Nayak’s bandmate Corey Laitman had been Louie’s mentor at Northampton’s Youth Performance Festival. Nayak suggested reconnecting with Laitman, so Louie did.
“We started to do a song trade,” Louie said. Each week, he sent Corey five themes. “Corey would pick one, and we’d both write a song about that theme.”
Mandolinist Chris Thile, who was hosting the radio show “Live From Here,” asked listeners to share their musical performances from home. Gabe Phipps sent videos of Louie, and Thile was so impressed that he invited the boy to be a guest on the show in May. The two performed what sounded like a duet of Louie’s song “Berry Bushes,” with
Thile dubbing himself singing over Louie’s recording.
After the show, the family reached out to other musicians about collaborating on an album, and the response was enthusiastic. The artists’ generosity “has blown us all away,” said Louie’s mom, Annie Salsich.
Though some artists knew Louie before the project, many did not. The album features Thile and Chris Eldridge of the Punch Brothers, Laitman, the Suitcase Junket and others.

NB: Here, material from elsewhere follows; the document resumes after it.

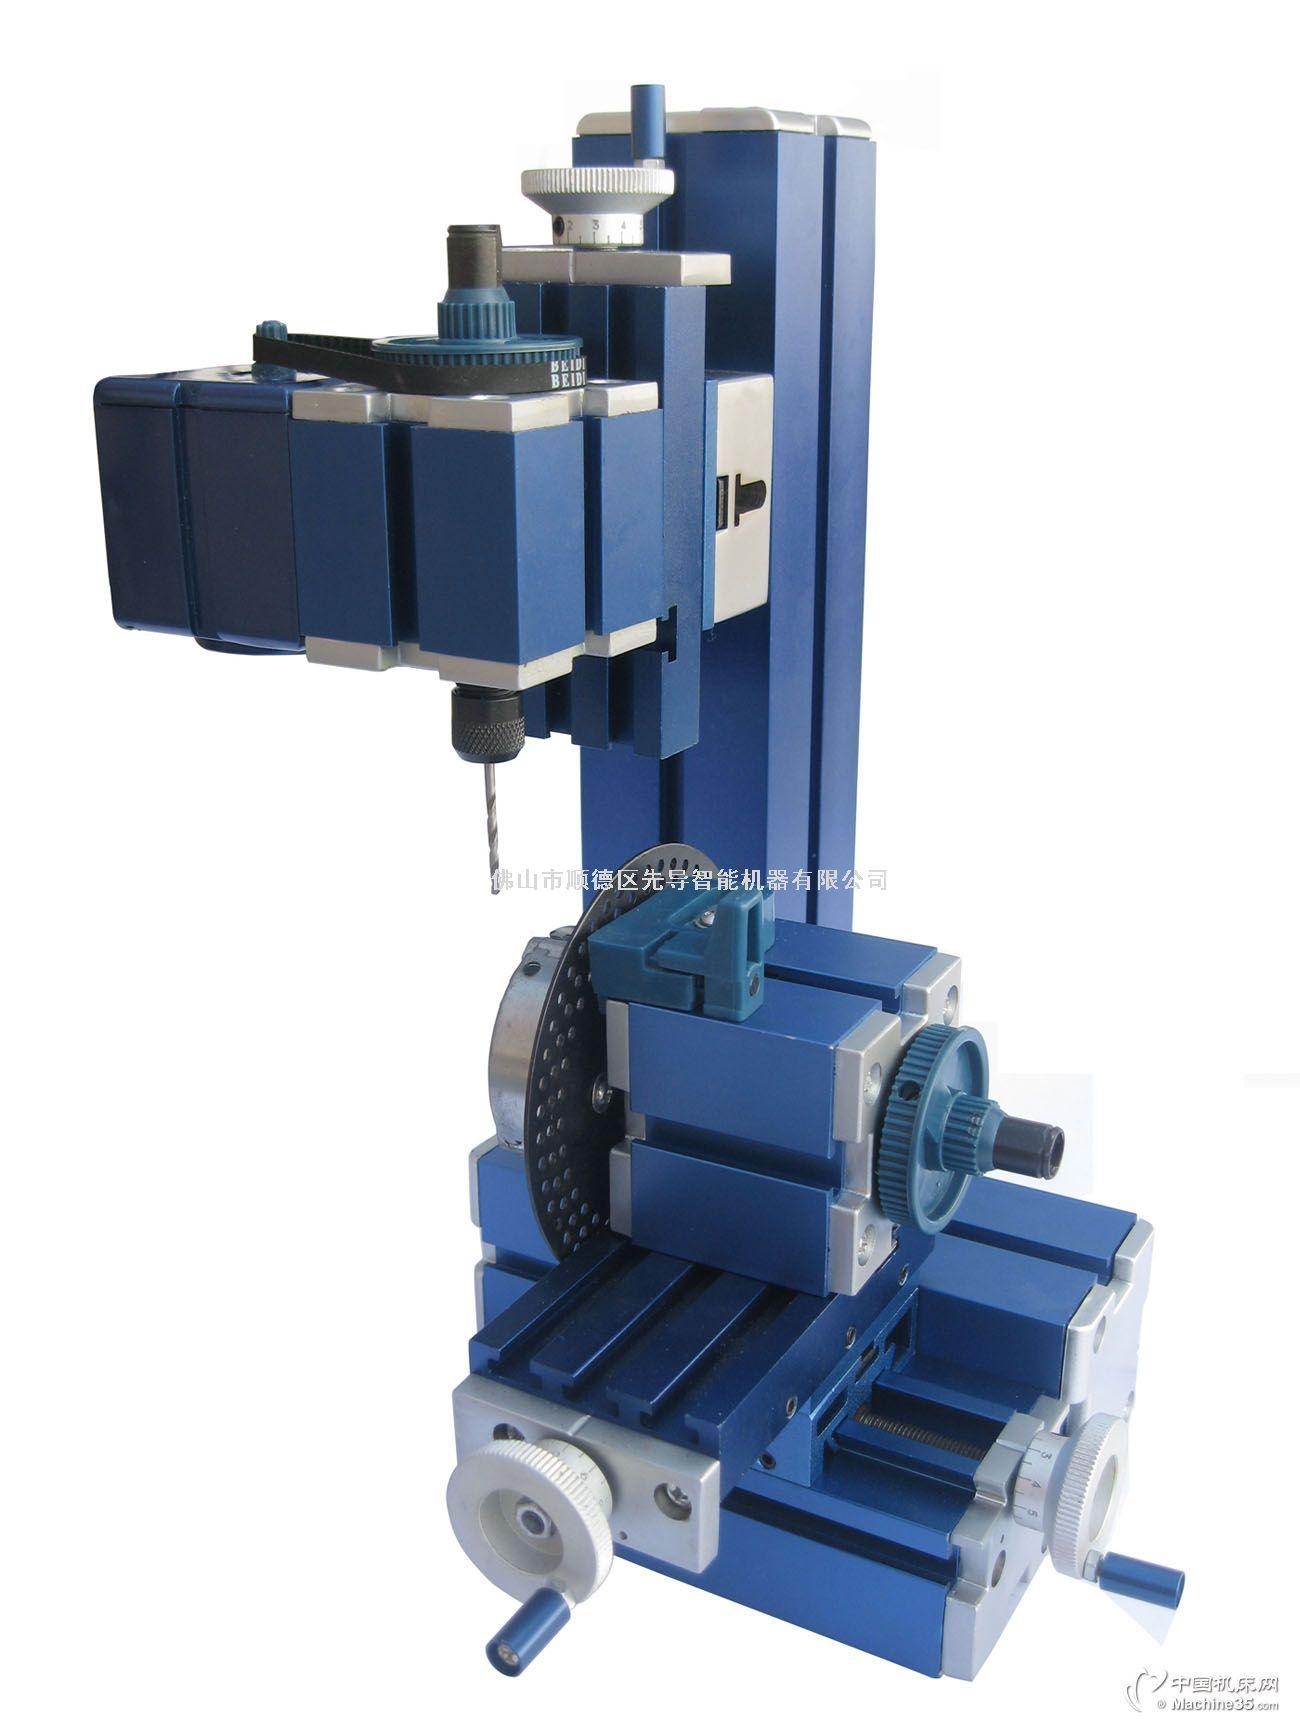 产品详细介绍机器主要部件:主轴箱、中间块、连接块、顶尾座、大滑块、小滑块、手轮、支撑器等主要部件的材料是用金属制成,产品的质量提高,更耐用,精度更高。产品特点:可以根据不同加工要求,配合分度盘的使用,在圆木上钻出不同角度的孔,变压器有过热保护技术参数:马达转速20000转/分钟输入电压/电流/功率12VDC/2A/6W加工材料木质塑料,软金属(铝,铜等)三爪夹盘可加工最大直径50mm包装大小230×200×315mm重量3.

The artists recorded themselves at home, but on the album it sounds like they’re in the same room as Louie. “That’s where the magic of (album co-producer) Anand
Nayak comes in,” Gabe Phipps said.
Louie plans to donate the album’s proceeds to the Sunrise Movement, a youth movement to stop climate change. He’s passionate about protecting the Earth and encouraging other kids to help. He suggests starting with simple actions, such as biking more and planting trees.
It’s nature that inspires much of Louie’s songwriting, which he does for baritone ukulele and guitar. In addition to “Hawk” and “Berry Bushes,” he has written about a chickadee. But nature sometimes stumps him. That’s true of Louie’s favorite birds: bald eagles. “The only rhymes I could think of was beagle and seagull, so I never wrote a song about them.”